+++ RAW DATA

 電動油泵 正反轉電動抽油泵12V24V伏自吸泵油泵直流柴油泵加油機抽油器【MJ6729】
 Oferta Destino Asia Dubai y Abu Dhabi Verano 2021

++++++
+++ RAW DATA

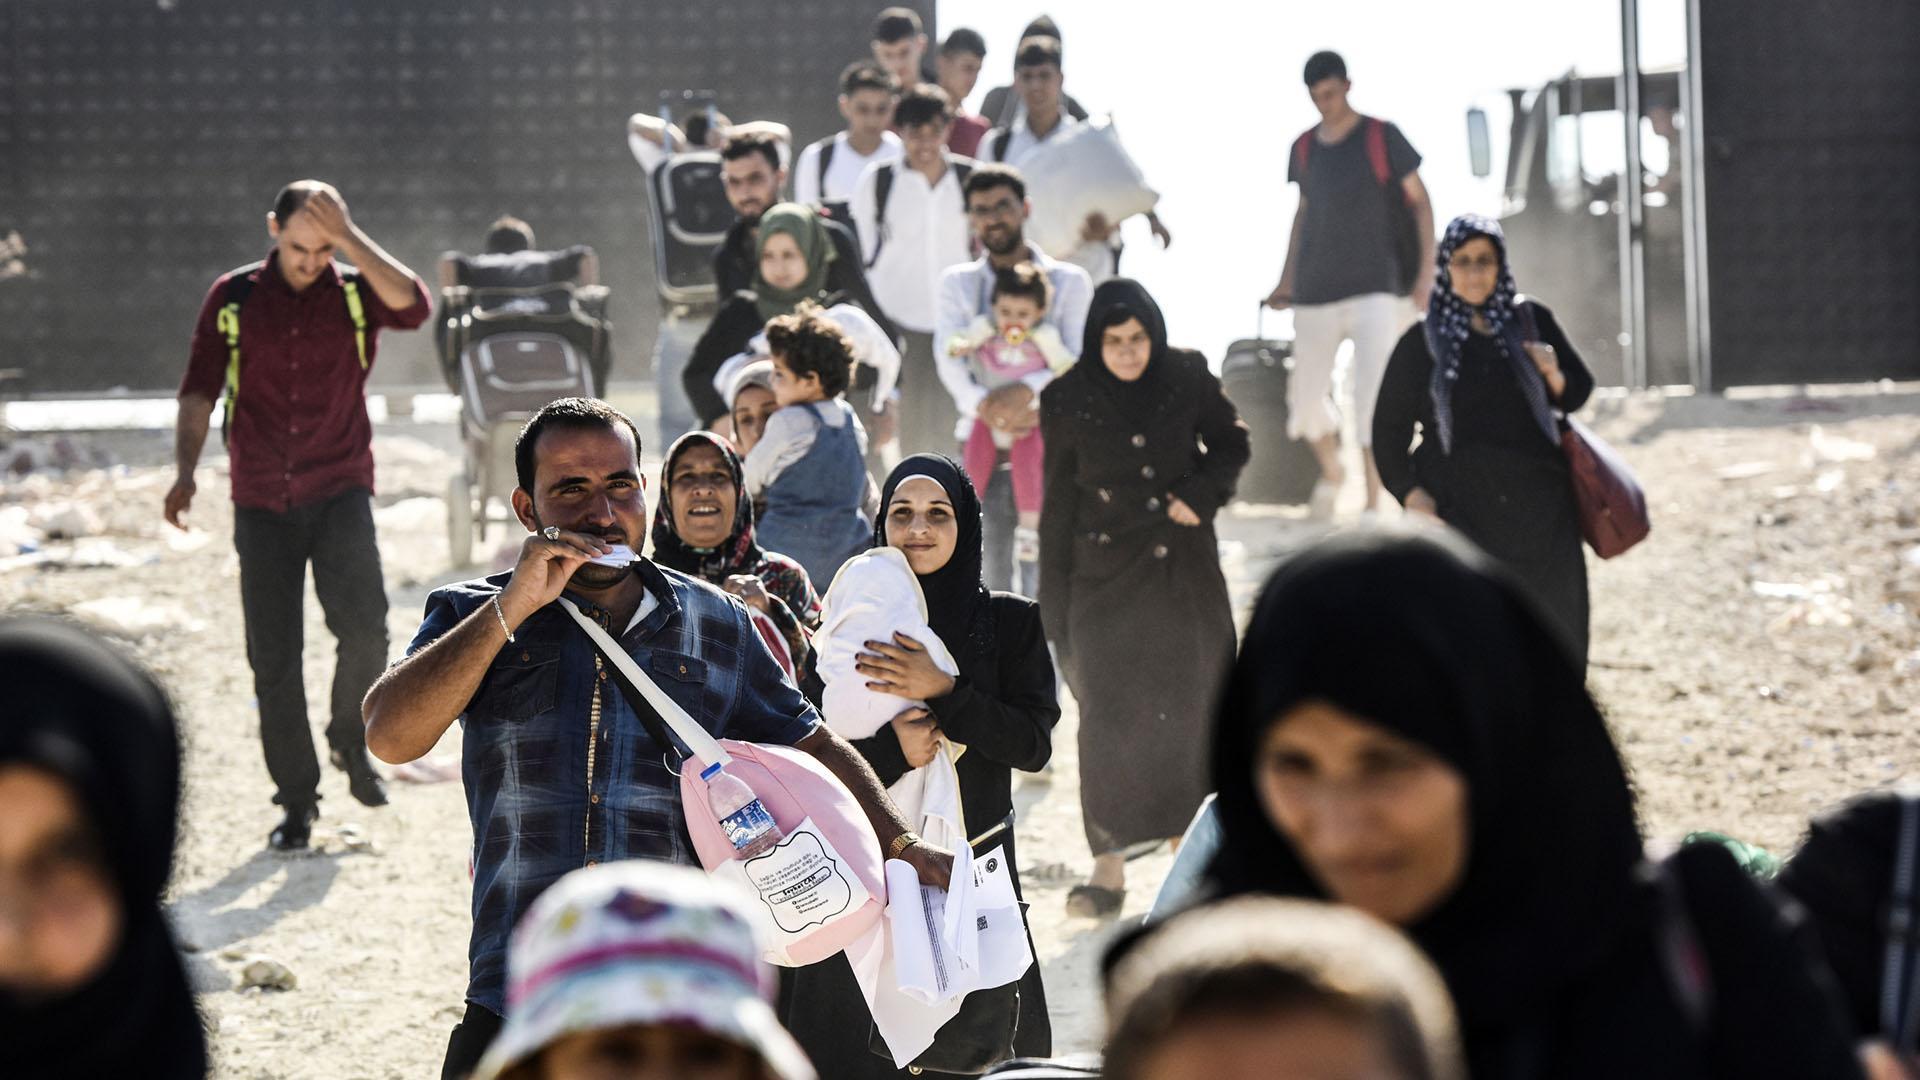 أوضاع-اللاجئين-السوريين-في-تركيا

++++++

Write out exactly the lines above between the line with "電動油泵 正反轉電動抽油泵1" and the line with "Oferta Destino Asia", inclusive, and nothing beyond them.

 電動油泵 正反轉電動抽油泵12V24V伏自吸泵油泵直流柴油泵加油機抽油器【MJ6729】
 Oferta Destino Asia Dubai y Abu Dhabi Verano 2021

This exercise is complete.